# Someone help...



## ashleykennedy27 (Jun 22, 2020)

Our issue are the frayed/torn tips. It's been going on for about a month now. We cut the grass. green for a day, the next day. Brown haze over the top. It's obviously the tips. We've sharpened the blade atleast 2-3x and no signs of improving. We have two mowers and both seem to be ripping the grass. Now granted, this hasn't always been an issue. We just started noticing the tips about a month ago. Otherwise, our grass has been a nice colored green. We need advice.. Do we take it somewhere to get sharpened? Do we scalp the lawn? We're cutting every 3-4 days (Zoysia grass) 
Needing some advice, or if anyone has had this issue. Thanks


----------



## ashleykennedy27 (Jun 22, 2020)

We seem to have healthy grass. No signs of fungus or disease. We deeply water 2-3x weekly.


----------



## Powhatan (Dec 15, 2017)

Cutting blade upside down?


----------



## Darrell_KC (Mar 20, 2019)

Powhatan said:


> Cutting blade upside down?


I'd agree here. If you are sure that the blades were sharpened, and it's still doing this, then the blade is probably installed upside down. The Lawn Care Nut has a video of him installing one of the TimeMaster blades upside down and his lawn had the exact same kind of cut fraying you are seeing. It happens even to the experts.


----------



## dacoyne (May 27, 2018)

Powhatan said:


> Cutting blade upside down?


+1 for this. My neighbor was complaining about the same thing. Looked at his mower, blade was upside-down


----------



## ashleykennedy27 (Jun 22, 2020)

The blade says "grass side" and that side is facing downwards? Our blade is currently faced downwards, Correct?


----------



## cbagz (May 12, 2020)

Buy new blades, skip the sharpening and see what happens.


----------



## ashleykennedy27 (Jun 22, 2020)

We did. We bought a new mulching blade and it's doing the same thing. We even sharpened that one.


----------



## probasestealer (Apr 19, 2018)

This is certainly a blade issue. If you're not convinced I would try borrowing someone else's mower or pay someone to mow it once.

How about a manual reel?


----------



## Redtwin (Feb 9, 2019)

If you bought mulching blades, make sure the wings are pointing up as to cause lift of the cut material. If the wings are pointed up and you are still getting the chewed up grass, I would revisit your sharpening technique.


----------



## Powhatan (Dec 15, 2017)

ashleykennedy27 said:


> We did. We bought a new mulching blade and it's doing the same thing. We even sharpened that one.

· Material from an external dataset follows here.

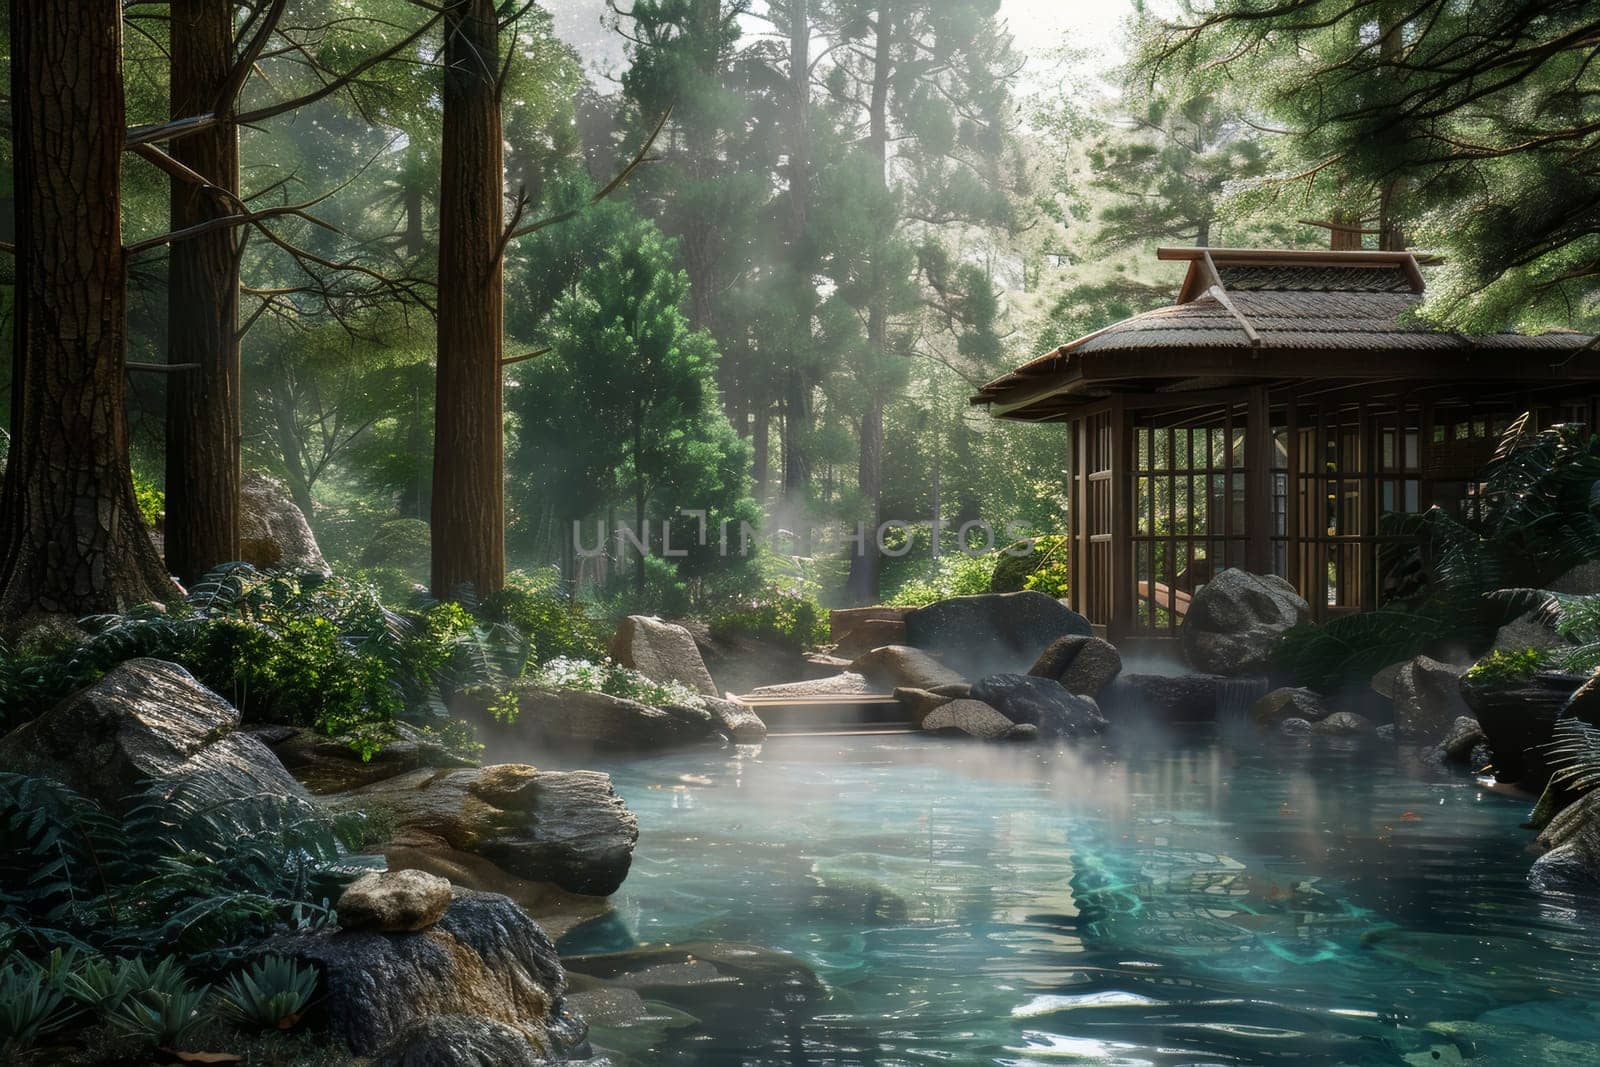 A tranquil spa retreat enveloped in a lush forest setting, with mist rising from a hot pool surrounded by natural stones. Sunlight filters through the trees, enhancing the serene atmosphere
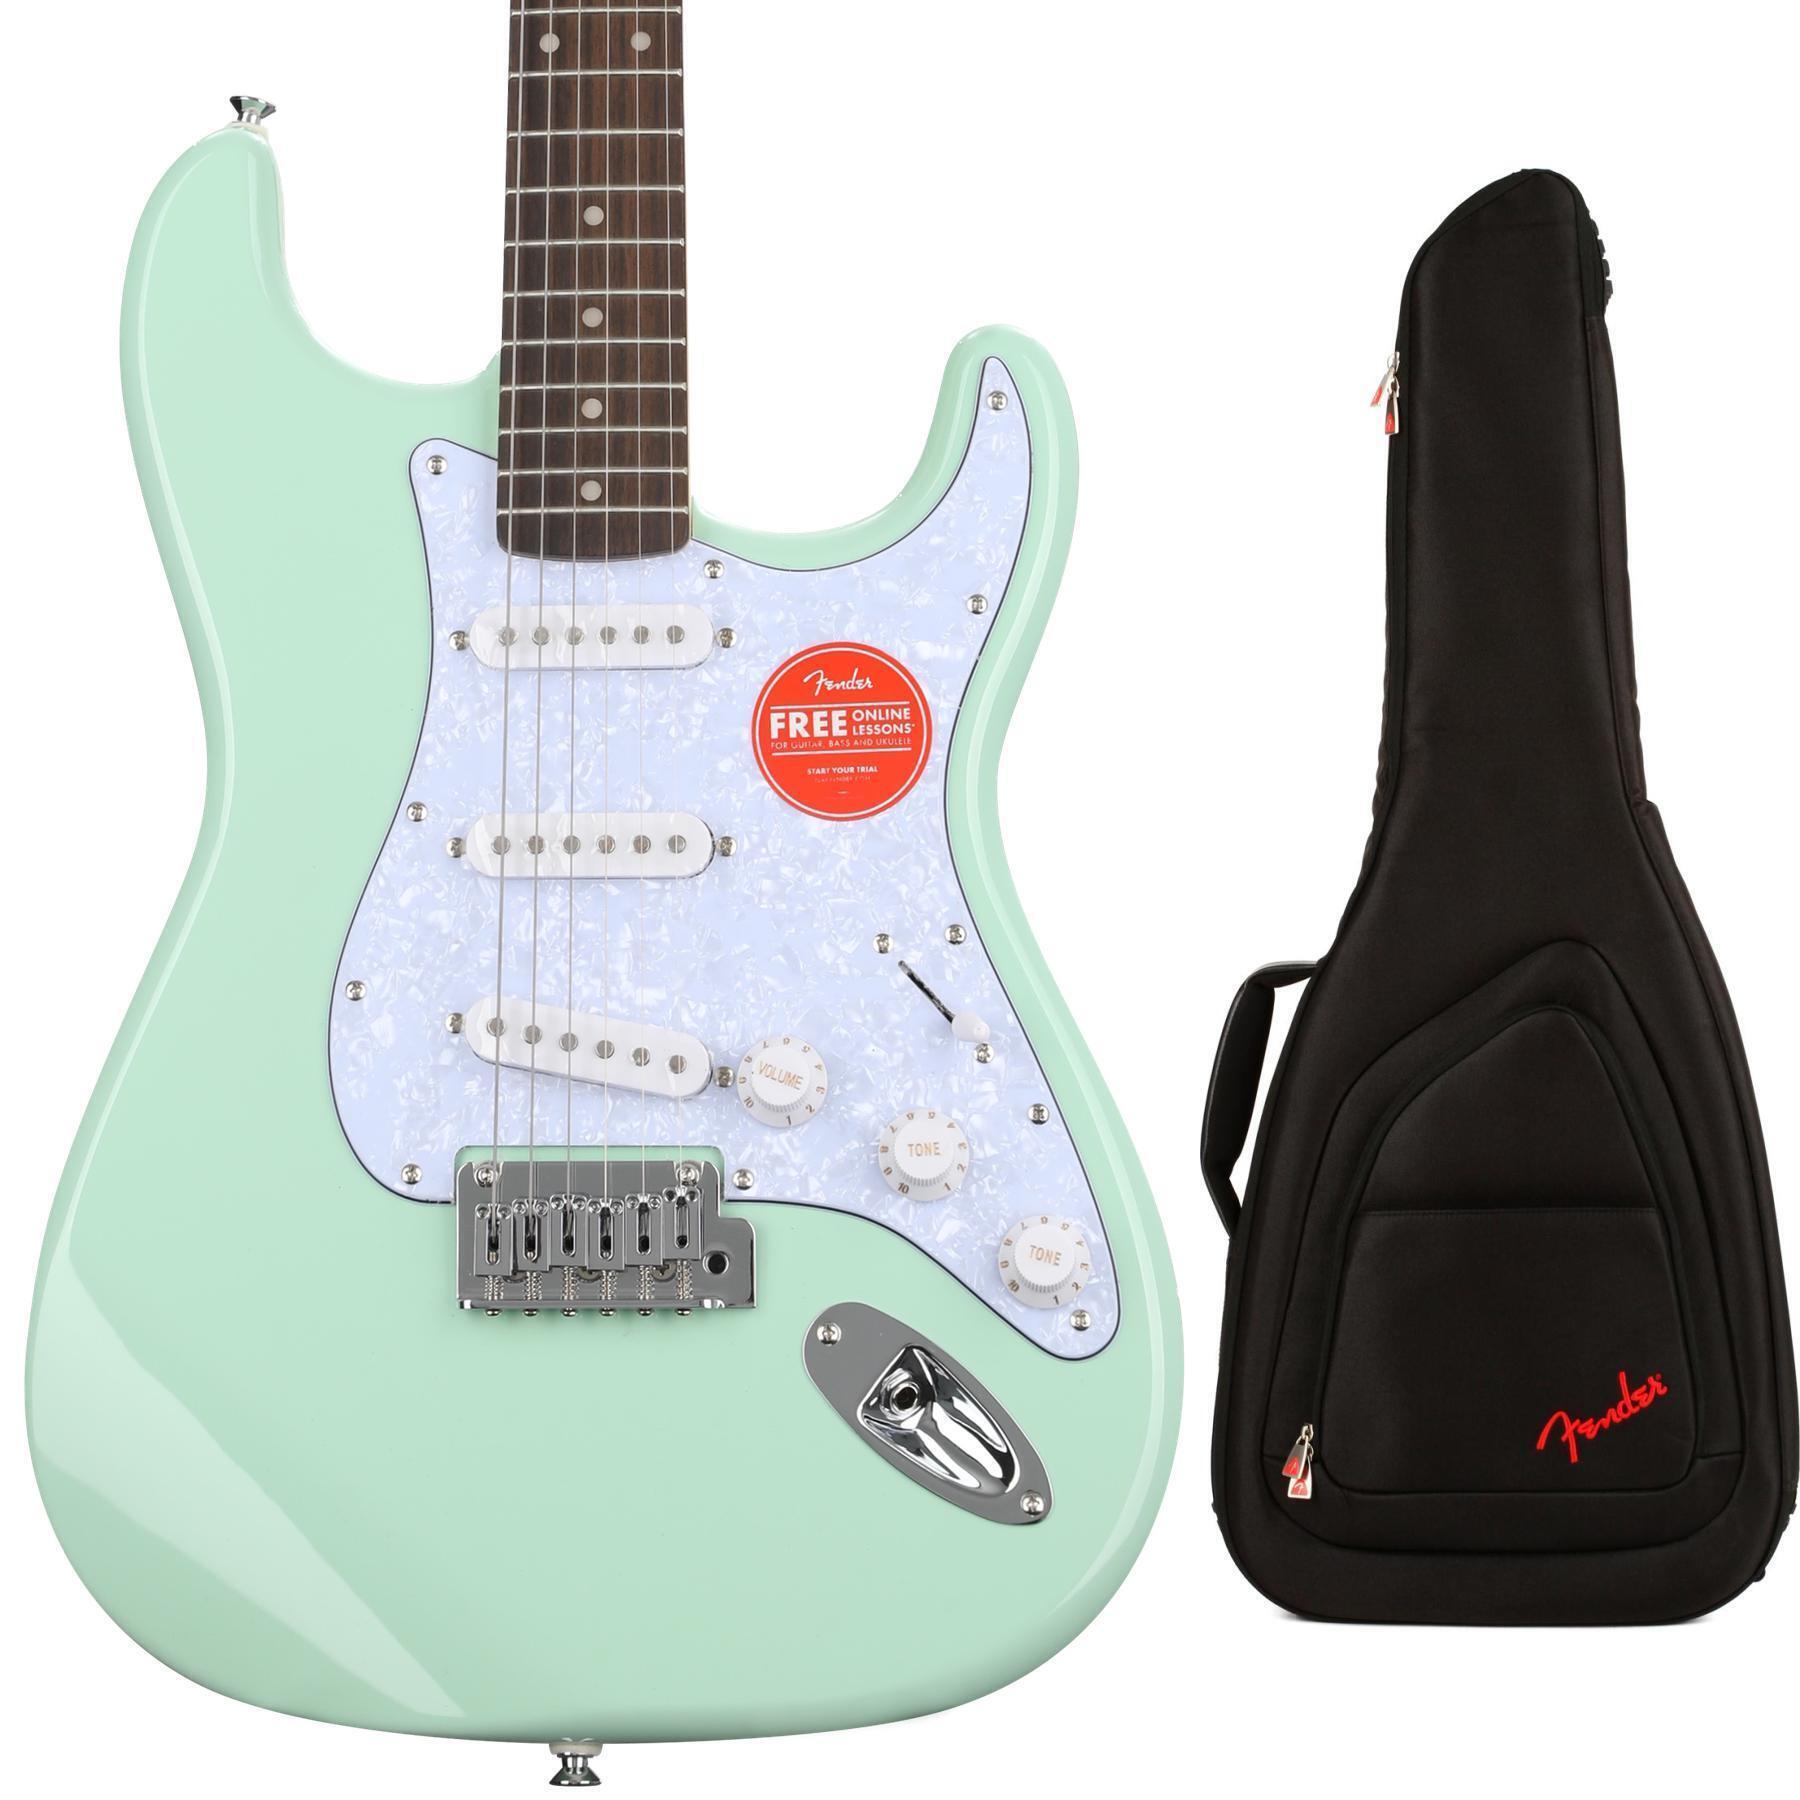 Squier Affinity Series Stratocaster with Gig Bag - Surf Green with White  Pearloid Pickguard, Sweetwater Exclusive in the USA

Are you using the correct Toro blade for your Toro mower? or some generic?


----------



## ashleykennedy27 (Jun 22, 2020)

Yes, Toro mulching blade. @Powhatan


----------



## Powhatan (Dec 15, 2017)

It looks like you have classic dull blade frayed cutting. Maybe the bottom of your mower deck is grass layer clogged which is not allowing for optimum suction to lift and cleanly cut the grass blades. As previously suggested, use someone else's mower to check cut quality.


----------



## ashleykennedy27 (Jun 22, 2020)

Thank you, @Powhatan


----------



## Powhatan (Dec 15, 2017)

If using a ride mower make sure throttle is full open WOT when deck engaged.


----------



## Spammage (Apr 30, 2017)

@ashleykennedy27 zoysia japonica blades are notoriously difficult to cut cleanly with a rotary. An inexpensive angle grinder and 5 minutes every two weeks to sharpen the blades will go a long way toward making you happier. Now that you have two blades, this should help you to always have a sharp one on hand. Rotary blades aren't usually supposed to be kept razor sharp, but for zoysia they should be.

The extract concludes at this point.